The record was replete with instances of Ms. S.’s opposition to her children being supplied services for these needs. Although Ashley was significantly behind in school, Ms. S. resisted the school’s efforts to provide special education accommodations, and took Ashley out of school for lengthy periods without informing school officials. Ms. S. did not attend her daughter’s individualized education plan meetings, even when ordered by the court to do so. She did not enroll Ashley in a program recommended by the school to deal with Ashley’s disciplinary problems, or provide proof that she had enrolled Ashley in the alternative program that Ms. S. preferred. Ms. S. did not allow Ashley to meet with her school counselor, nor did she secure needed therapy for Ashley. She denied Ashley needed orthodontic care and did not seek treatment for Caitlyn’s hearing problems. The record also shows that, when finally undertaken by the school, the Department, or Ms. W., these actions had beneficial results for the children. The juvenile court’s concern that the girls would suffer emotional, developmental, and educational harm by returning to their mother’s care was justified.
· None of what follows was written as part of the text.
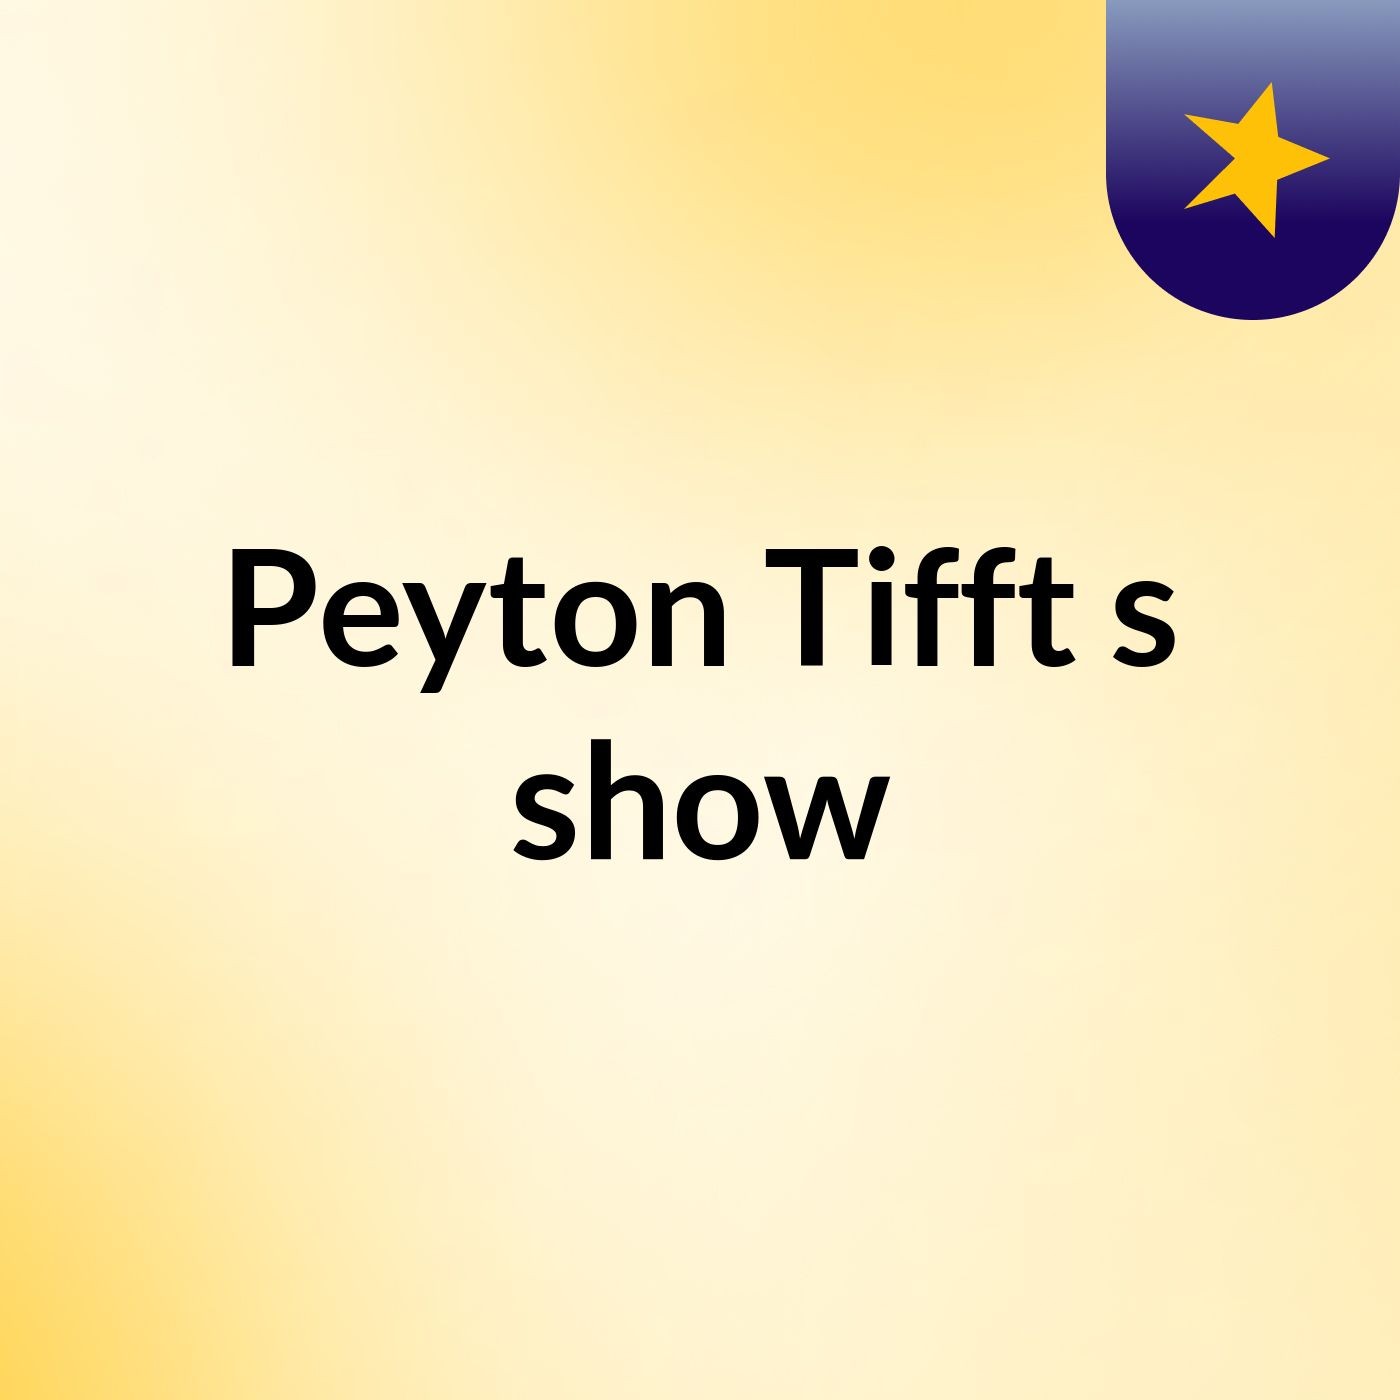 Peyton Tifft's show

The court did not abuse its discretion in deciding that adoption was in the best interests of Ashley and Caitlyn.

PRACTICE TIPS: A change in a permanency plan to eliminate reunification with a parent is appealable as an interlocutory order. See In re Damon M., 362 Md. 429, 436-37 (2001). However, subsequent interlocutory orders made in accordance with continuation of the same plan are not appealable because they do not change the terms of parental rights. In re Samone H., 385 Md. 282 (2005).